Nonfunctional MED12 gene linked to chemotherapy resistance

Published on November 26, 2012 at 5:15 PM · No Comments

By Helen Albert, Senior medwireNews Reporter

medwireNews: Research published in Cell shows that people with tumors that have a nonfunctional version of the mediator 12 (MED12) gene are resistant to drugs used to treat lung and colon cancer such as gefitinib.

The team made their discovery after screening a lung cancer cell line with a mutation normally susceptible to anaplastic lymphoma kinase (ALK) inhibitors and found that the loss of function of MED12 could be reversed by inhibiting transforming growth factor beta receptor (TGF-βR) signaling.

"We have shown that blocking this escape route restores sensitivity to the original drug, suggesting a way to treat patients that have undergone this type of drug resistance," suggested study author René Bernards (The Netherlands Cancer Institute, Amsterdam) in a press statement.
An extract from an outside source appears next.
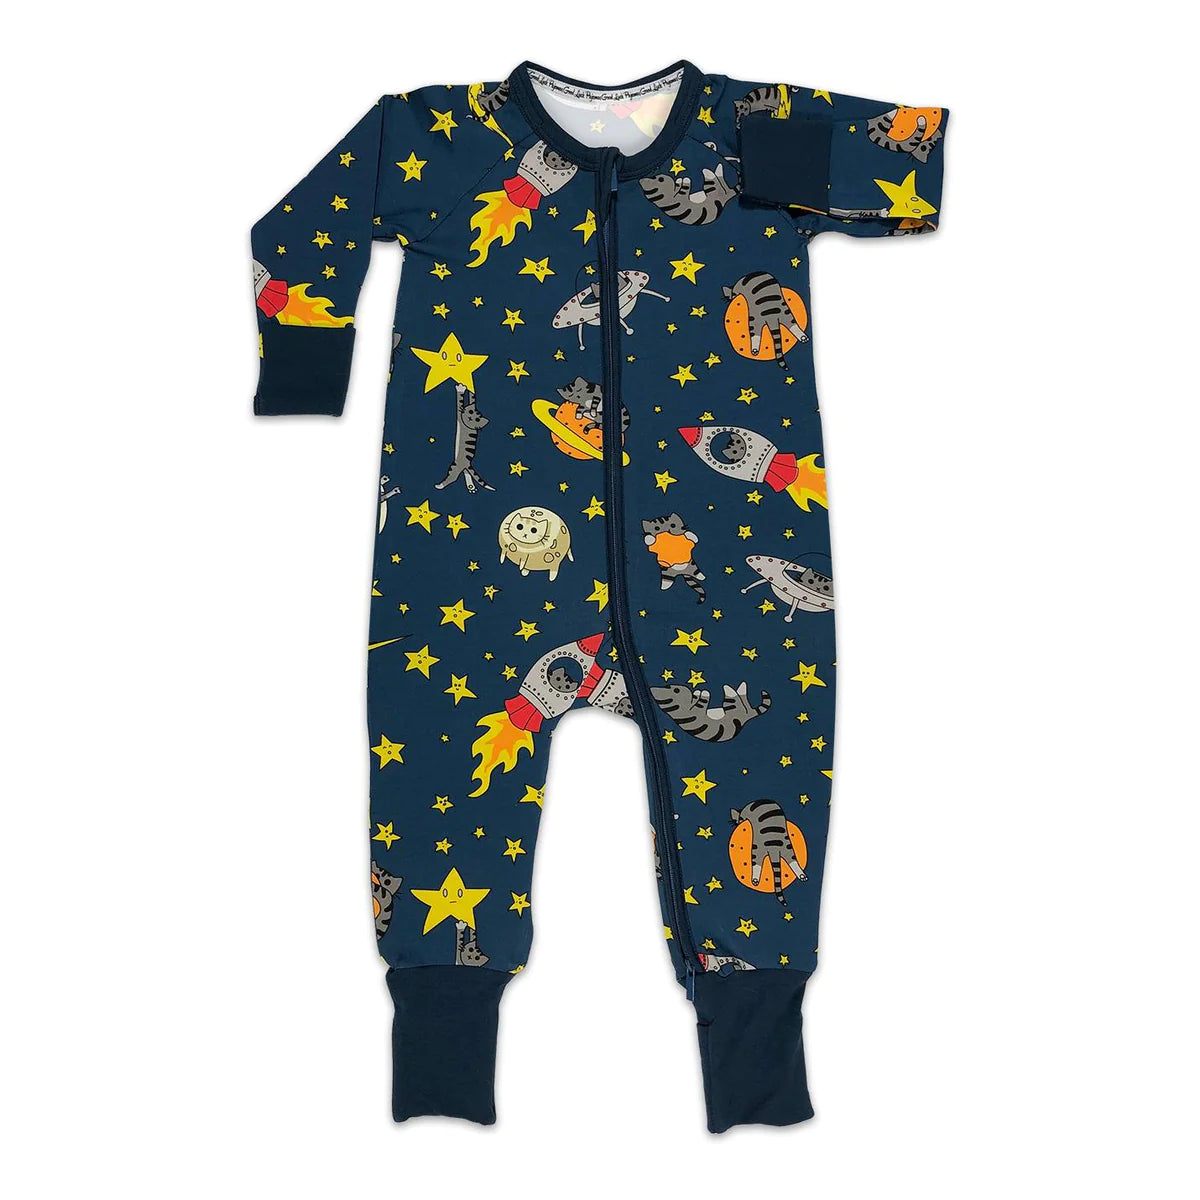 Space Cats Baby Pyjamas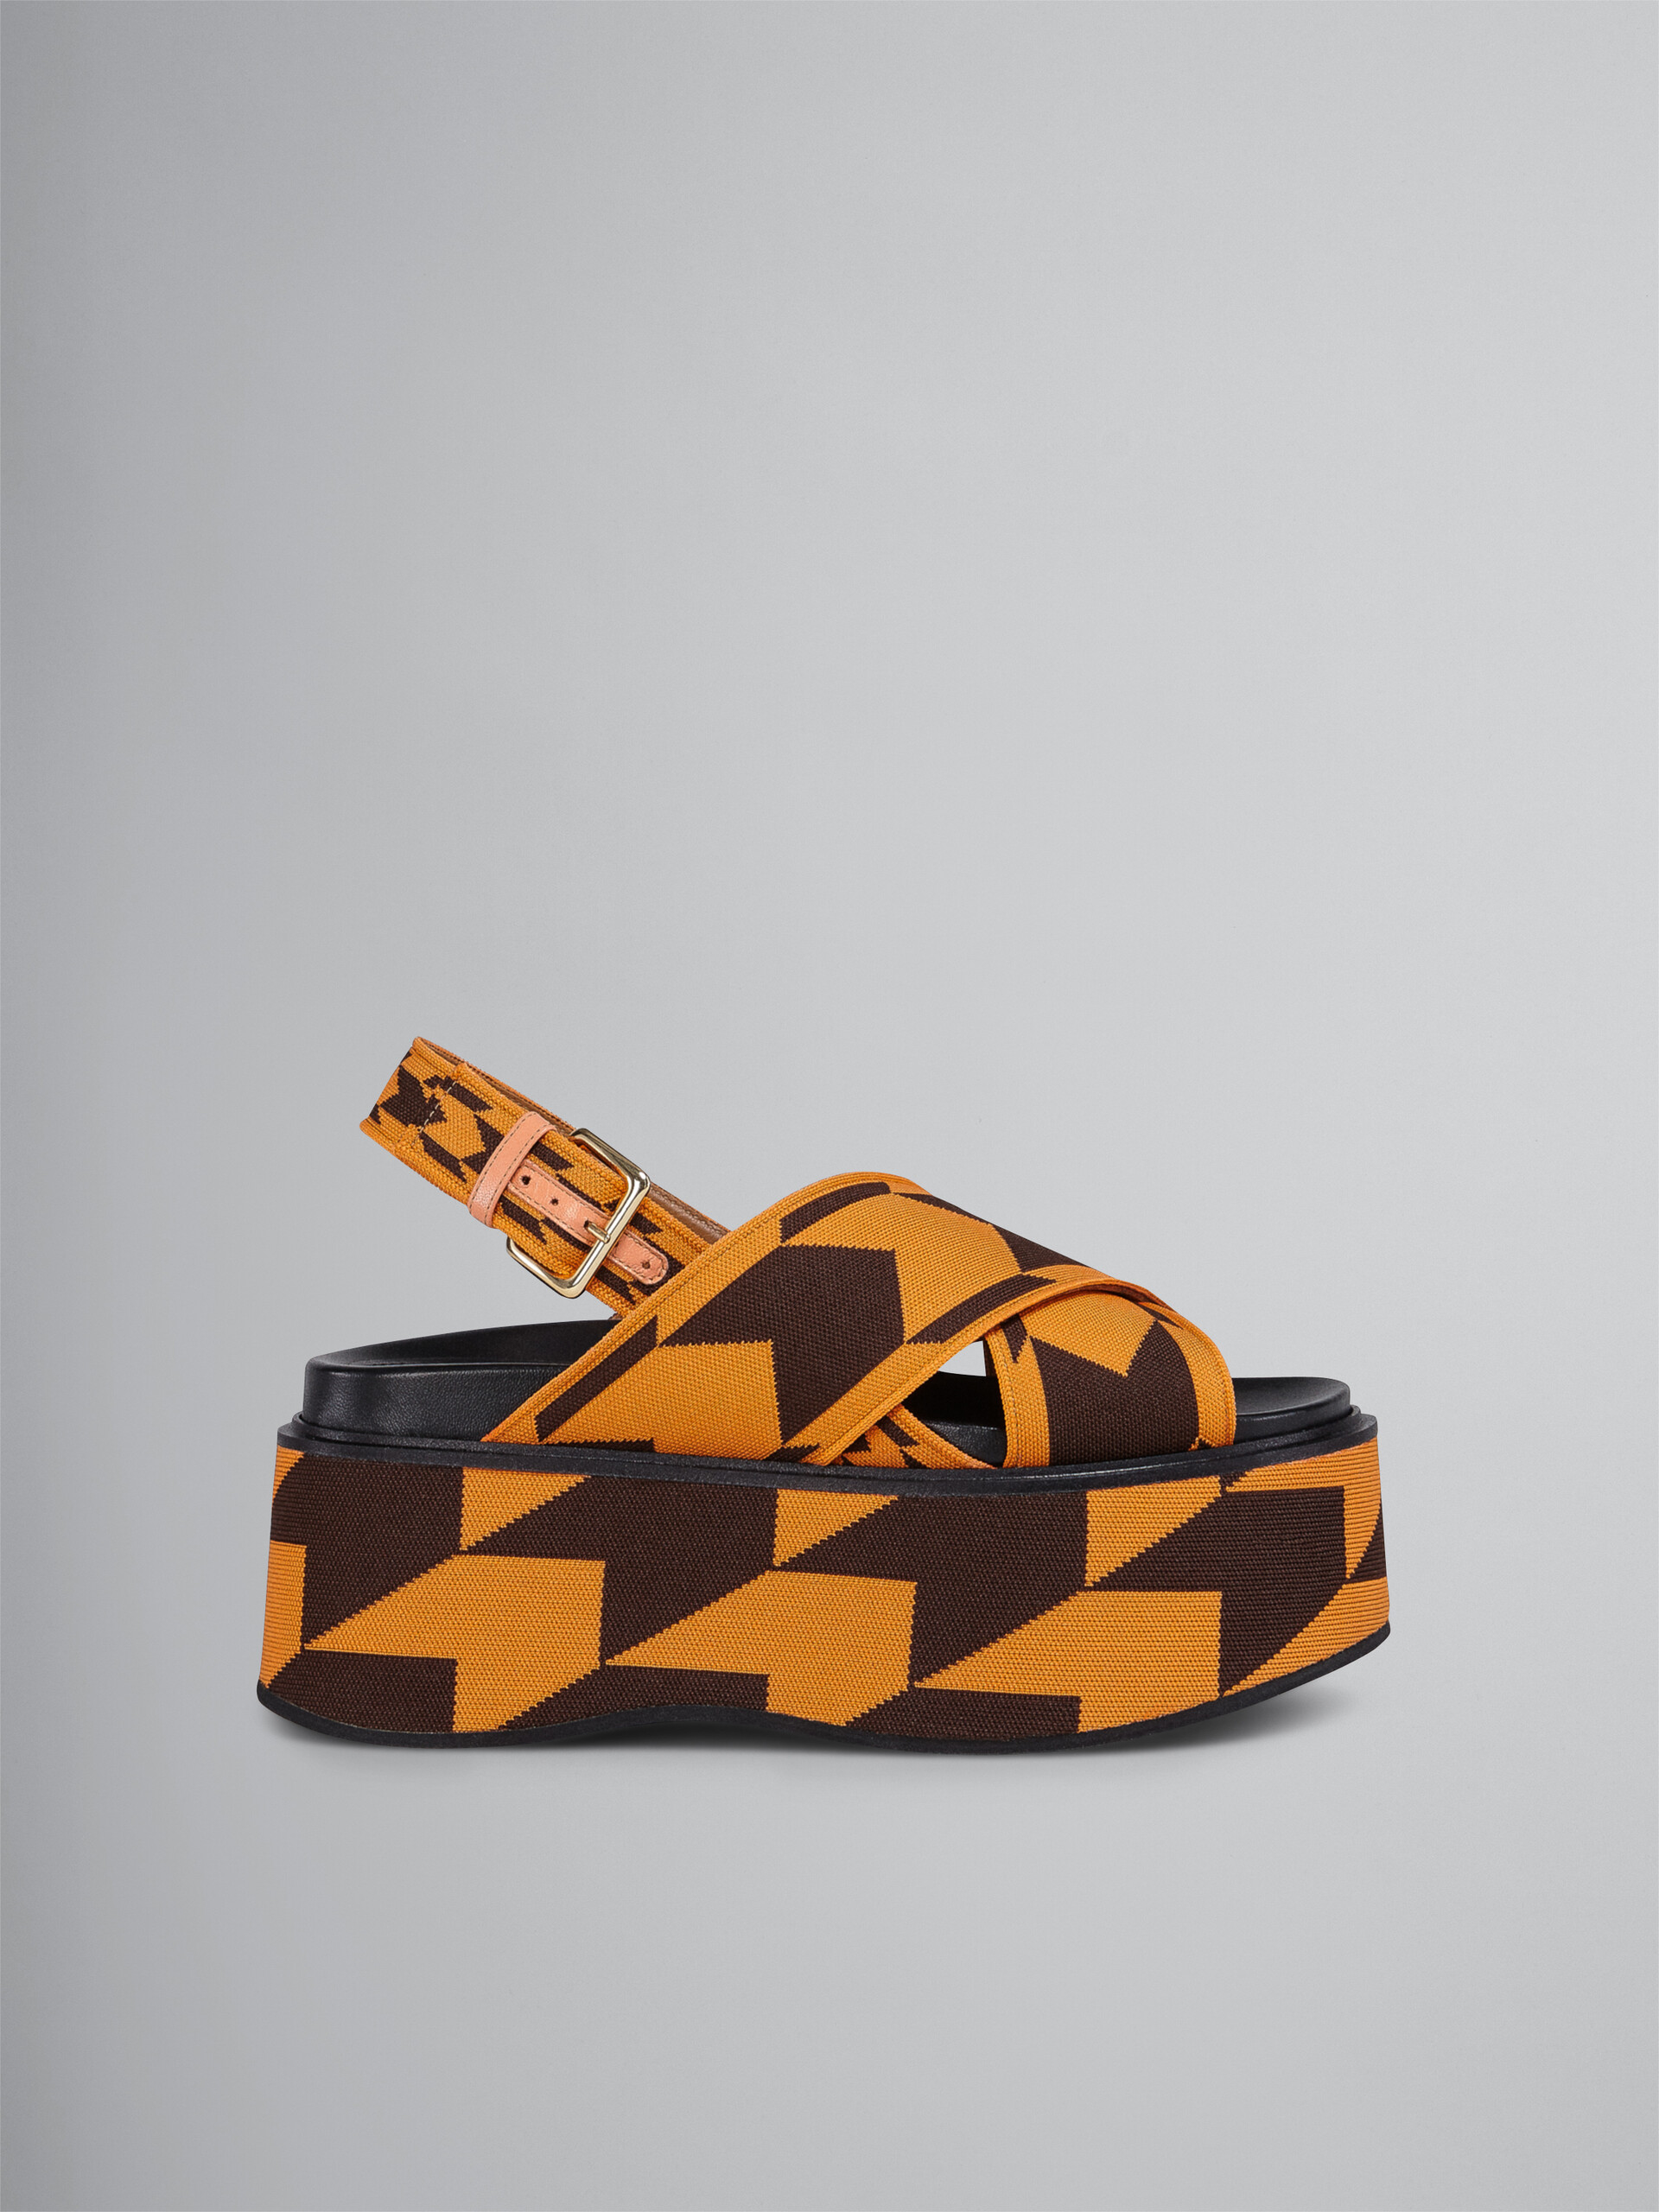 Houndstooth jacquard wedge sandal - Sandals - Image 1

The researchers screened 24,000 short hairpin (sh)RNAs targeting 8000 human genes using cells from the lung cancer cell line to assess whether any of the gene products would allow growth of cancer cells in the presence of chemotherapy drugs.

They found that cells with nonfunctional MED12 were not only resistant to ALK inhibitors, but also to MAPK/ERK kinase (MEK) and to v-Raf murine sarcoma viral oncogene homolog B1 or BRAF inhibitors.

Bernards and colleagues discovered that the nonfunctional MED12 caused activation of TGF-βR signaling, which causes MEK activation and resistance to various chemotherapy drugs.

"We need to understand the mechanisms of drug resistance to effectively prevent it from occurring in the first place," said Bernards.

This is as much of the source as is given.